IBM unveiled FHE, a Linux Encryption Toolkit

IBM unveiled through an announcement opening the FHE toolkit (IBM Fully Homomorphic Encryption) with the implementation of a homomorphic encryption system complete to process data in encrypted form.

FHE It is characterized by allowing the creation of services for confidential computing in which encrypted data is processed and does not appear in open form at any stage. FHE supports full homomorphic operations that allow you to add and multiply encrypted data (that is, you can implement any arbitrary calculation) and get an encrypted result in the output, which would be similar to encrypting the result of adding or multiplying the original data.

The FHE encryption can be considered as the next stage in the development of end-to-end encryption, In addition to protecting data transmission, data can be processed without decryption.

For IBM Z customers today, data can already be encrypted at rest and in flight with pervasive encryption. Customers can also protect data with data privacy passports on IBM Z, a consolidated data-centric protection and auditing (DCAP) technology * for eligible data that has the ability to protect data throughout its journey through of your company by establishing appropriate data protection controls. 

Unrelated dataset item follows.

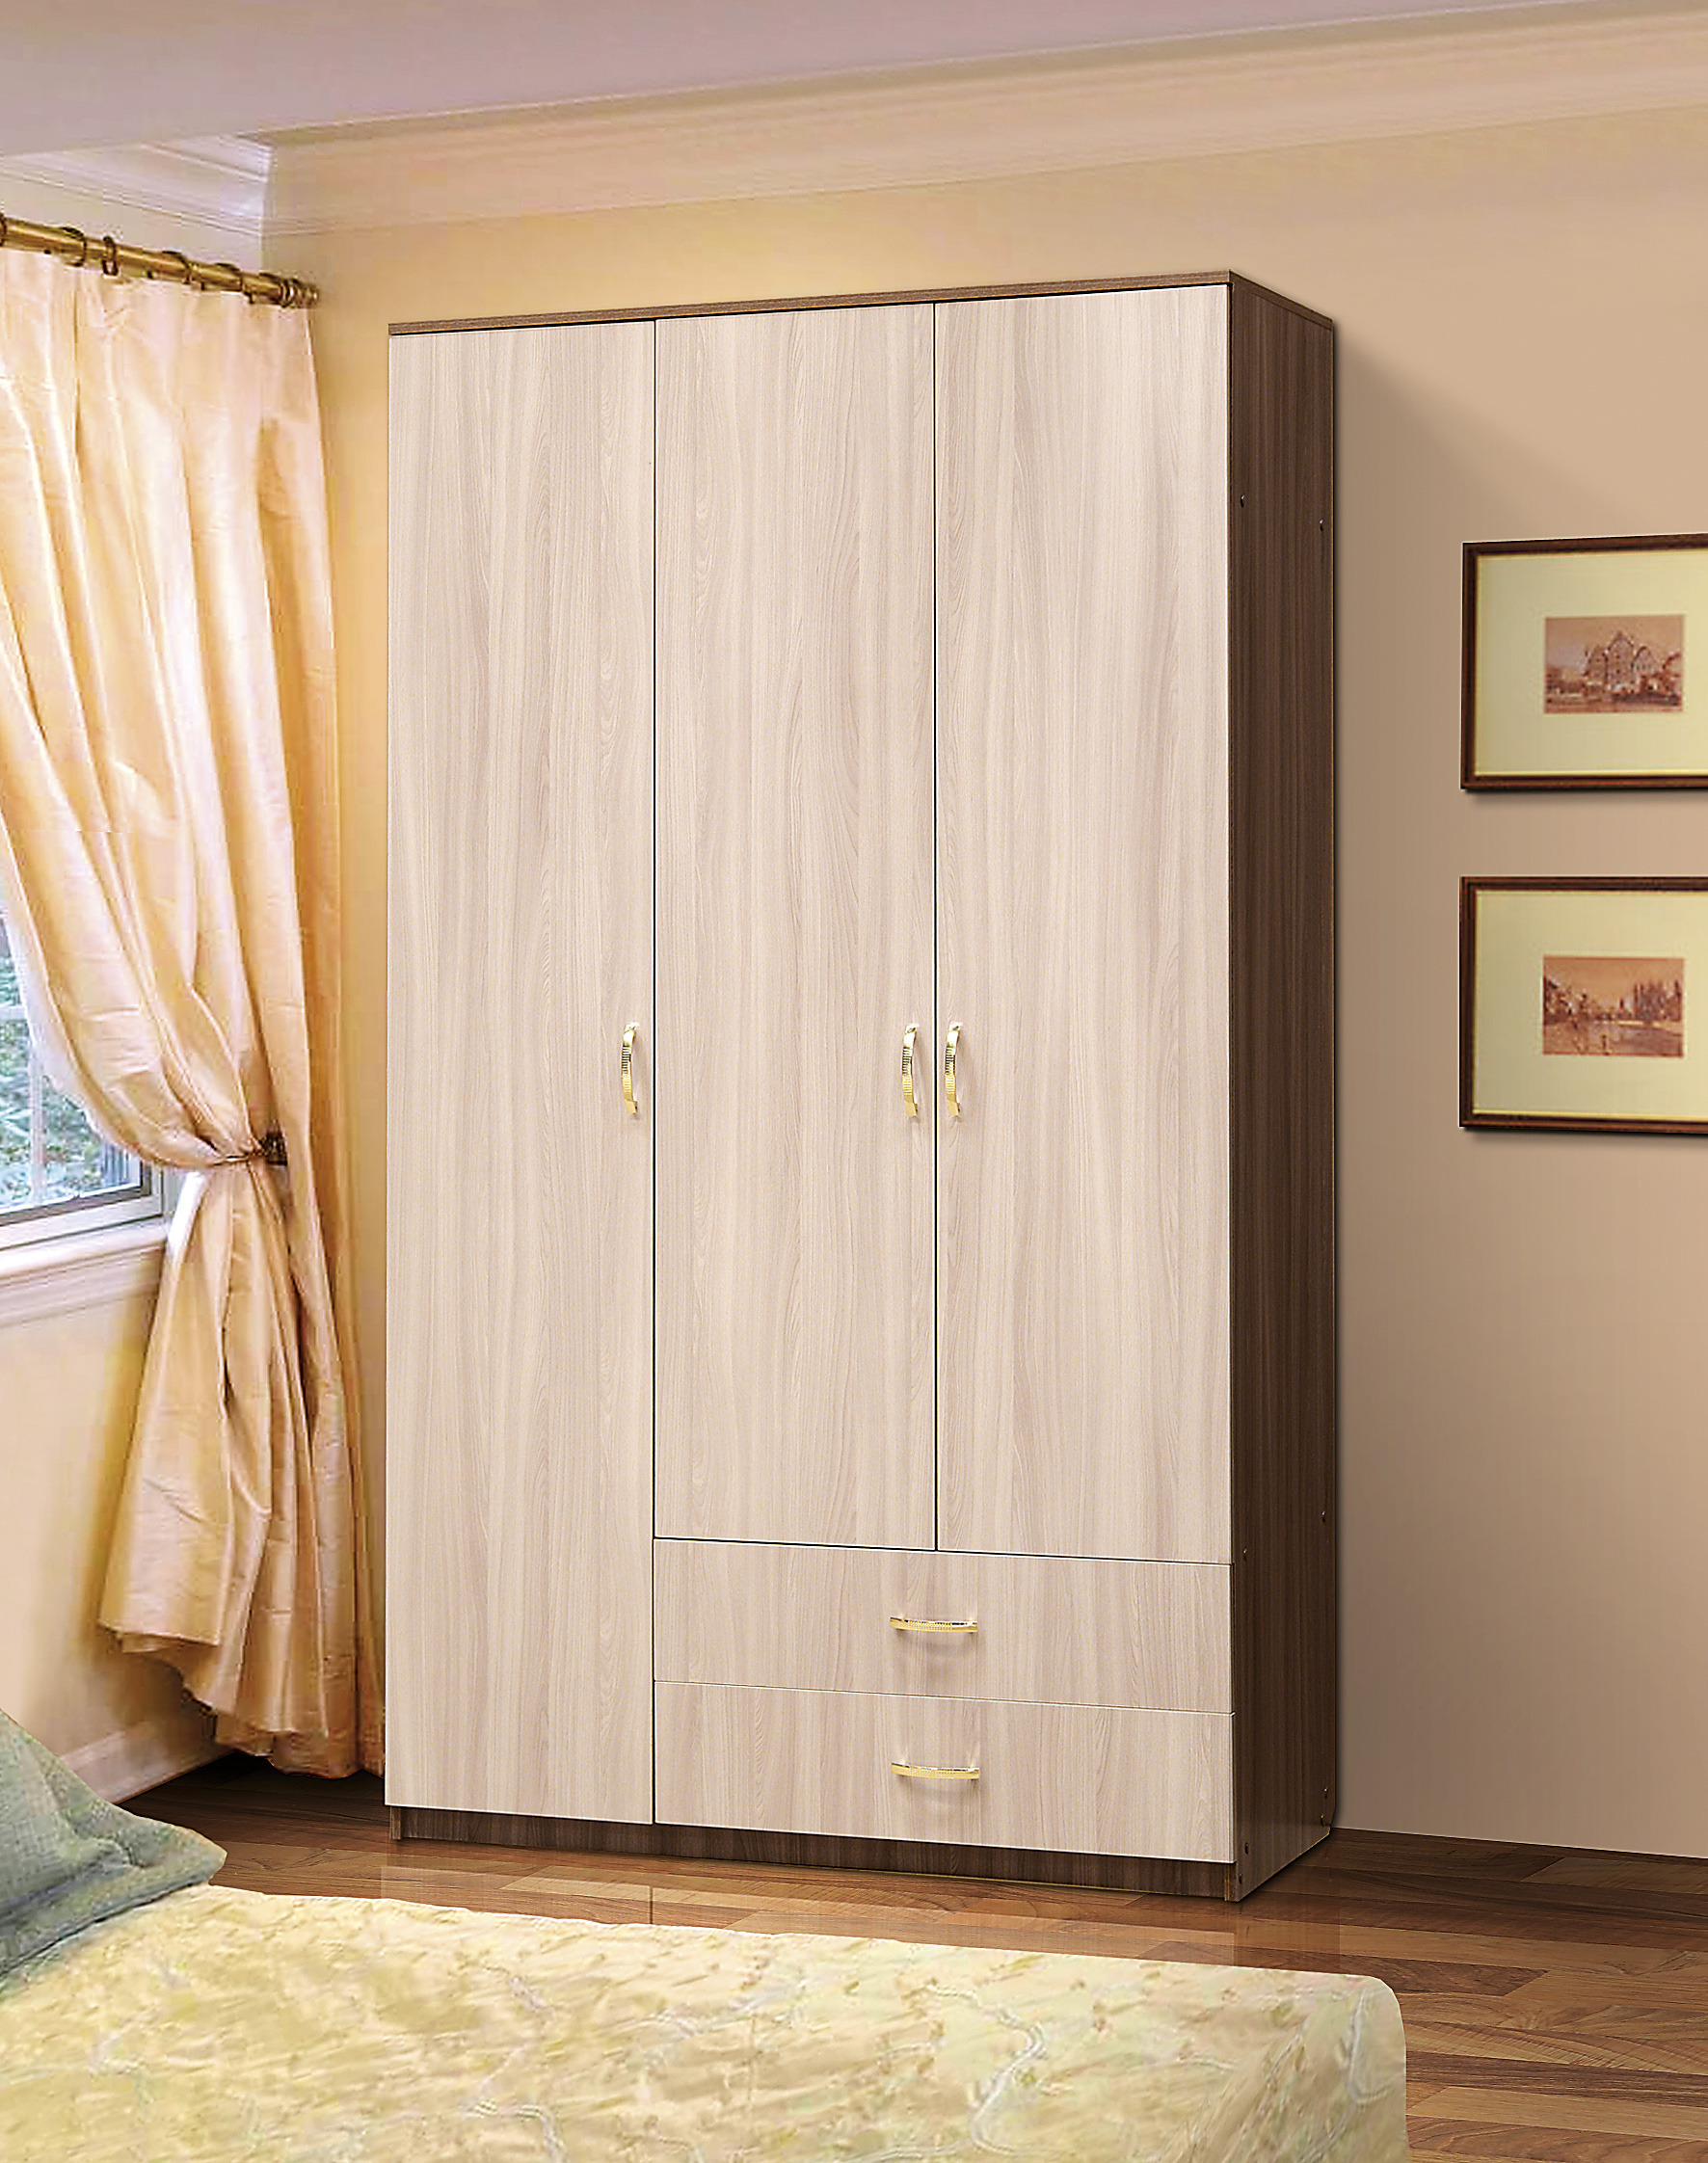 Шкаф 3-х с 2-мя ящиками  ЛДСПШкафы<br><br><br>Длина мм: 1200<br>Высота мм: 2116<br>Глубина мм: 520

However, we have never been able to keep data protected and processed simultaneously, a concept known as FHE.

About

The project has been developing since 2009, but only now has it been possible to achieve acceptable performance indicators that allow its use in practice.

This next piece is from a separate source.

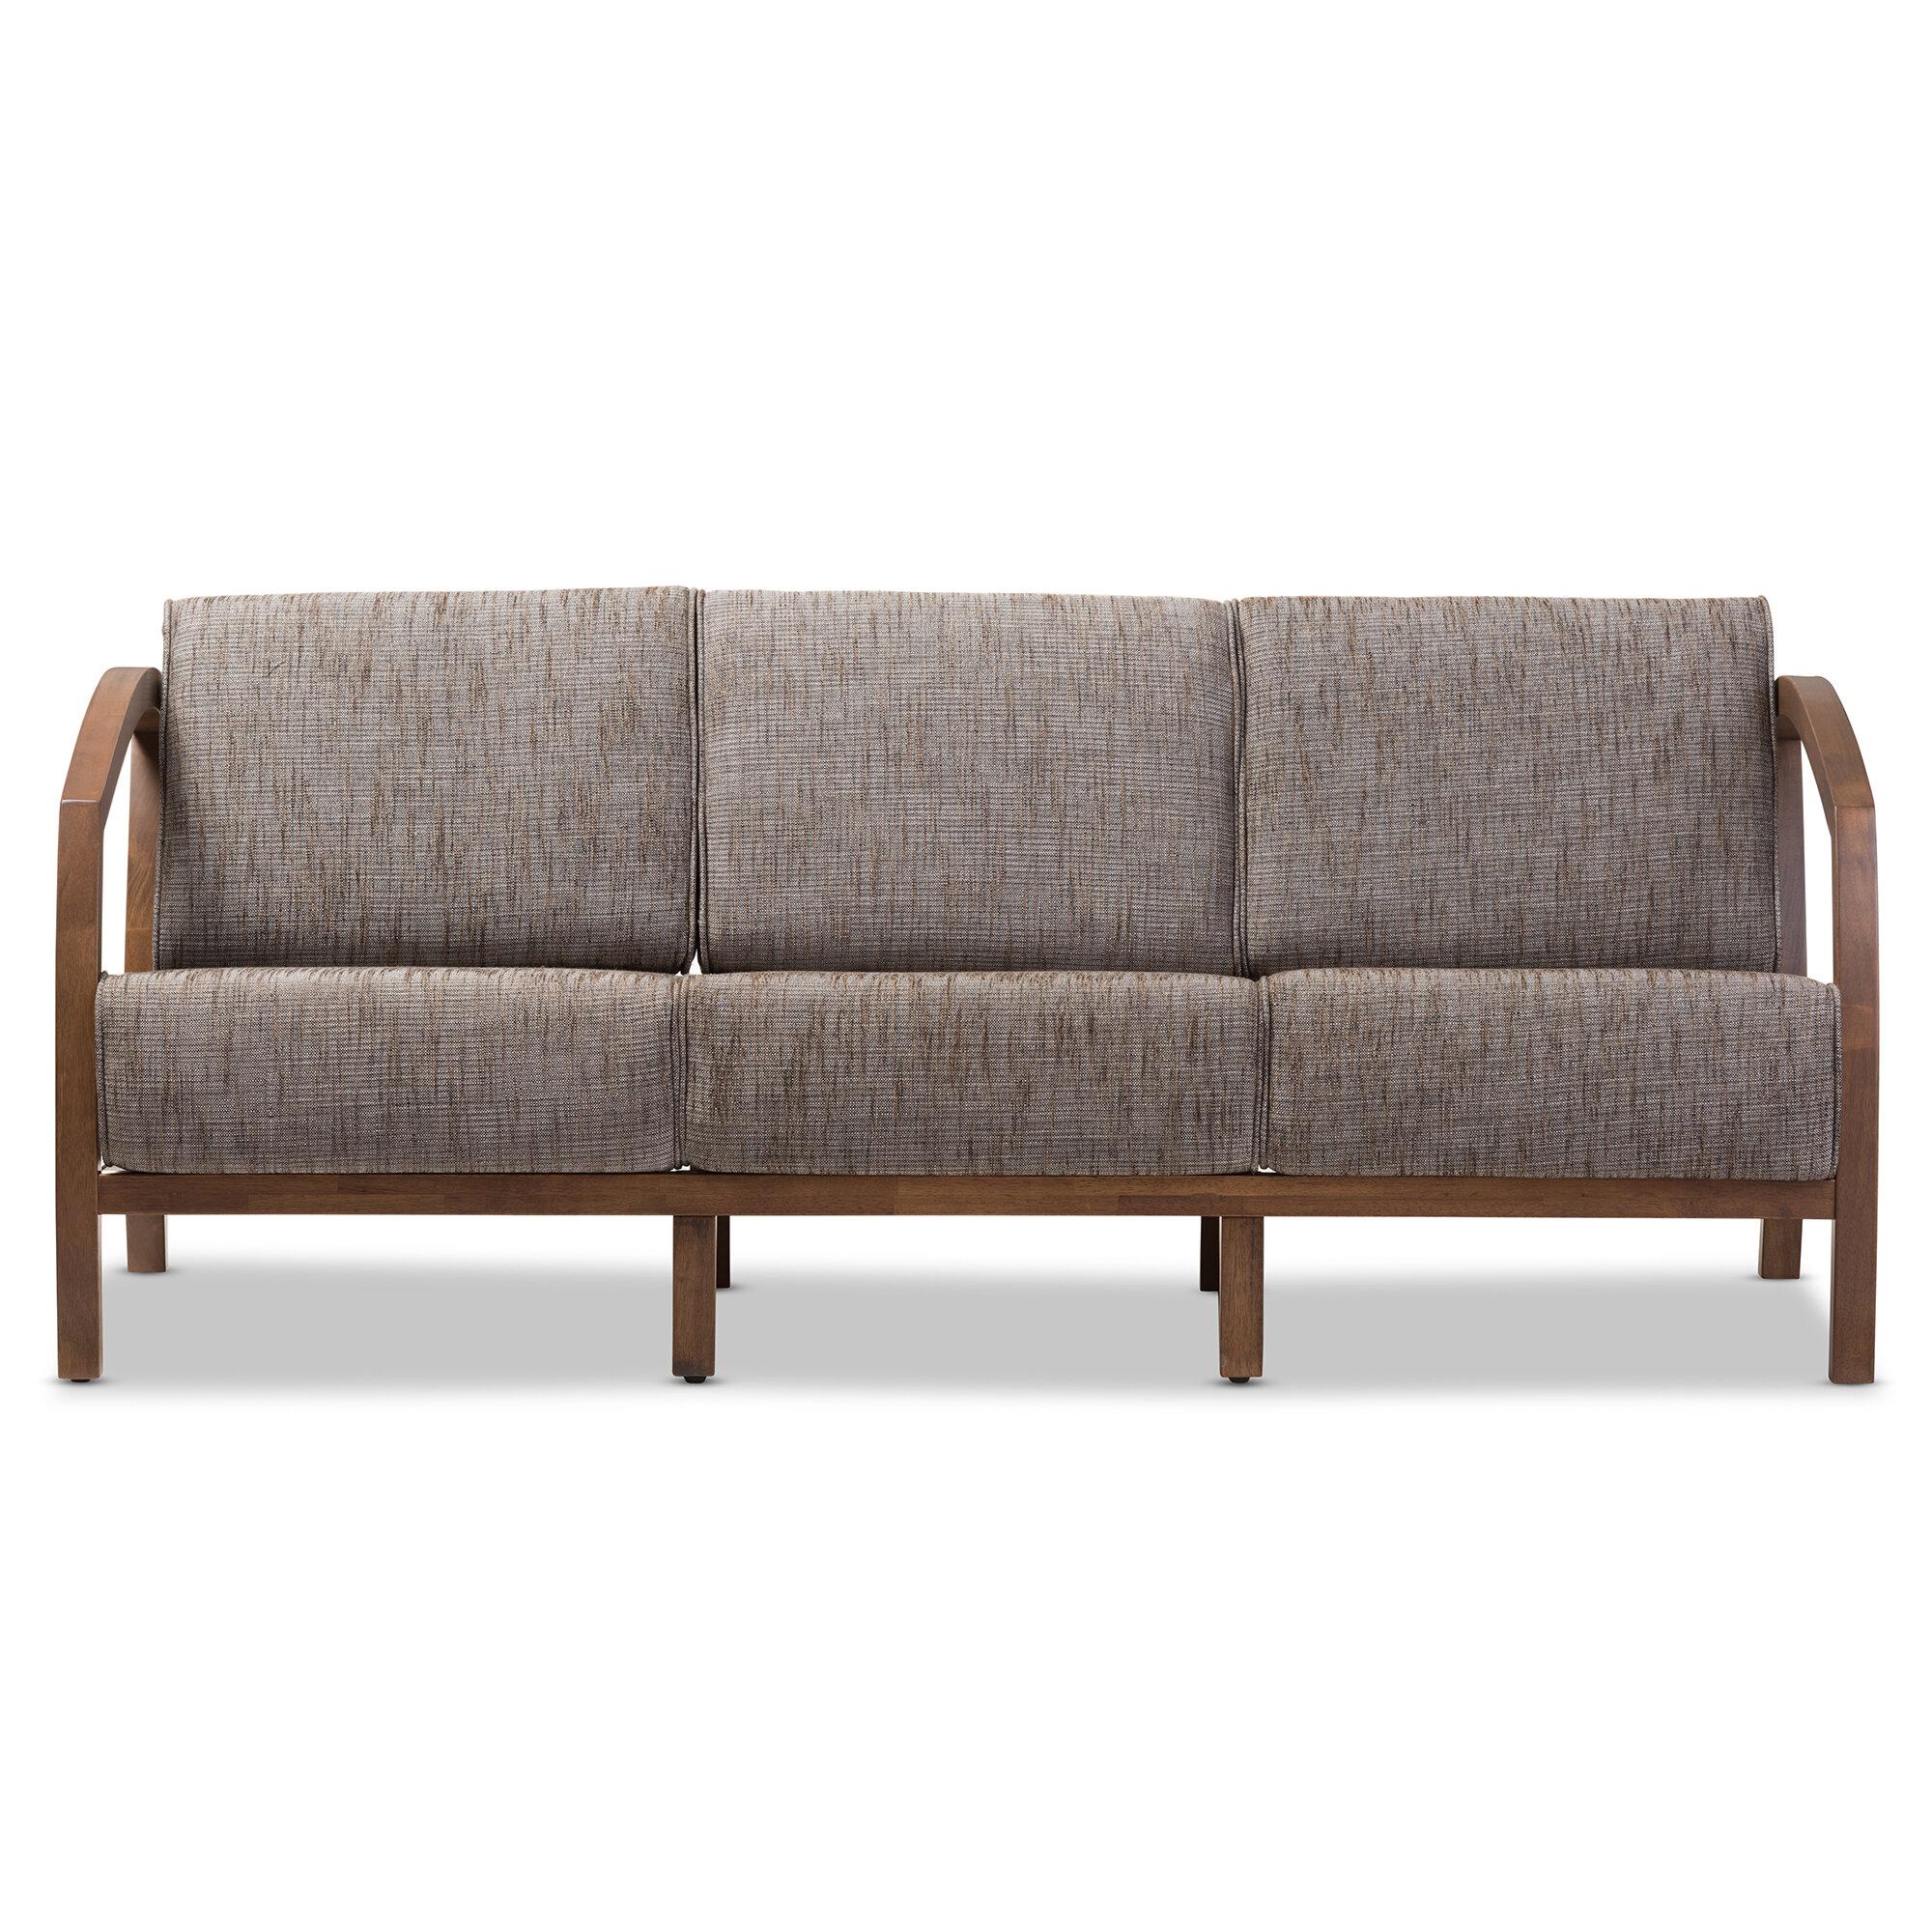 Whole Interiors Baxton Studio Arrigo 3 Seater Sofa Reviews Wayfair

It is observed that FHE makes available to all homomorphic calculationsWith the help of FHE, ordinary corporate programmers will be able to do the same job in a minute that previously required hours and days with the participation of experts with a scientific degree.

Among other developments in the field of confidential computing, you can see the publication of the OpenDP project with the implementation of differential privacy methods, which allow to perform statistical operations on a data set with sufficiently high precision without the possibility of identifying individual records in it.

The project is being jointly developed by researchers from Microsoft and Harvard University. The implementation is written in Rust and Python and is licensed under the MIT license.

Use cases

From a practical point of view, the framework can be useful for organizing cloud computing confidential, andn electronic voting systems, in anonymous routing protocols, for encrypted request processing in a DBMS, for confidential training of machine learning systems.

Experienced Docker developers can easily port this toolkit to their preferred distribution. The journey to mainstream FHE begins with these baseline implementations, but we anticipate that it will evolve with community involvement.

Today's announcement takes our commitment to Linux and security one step further to add in-use data security capabilities.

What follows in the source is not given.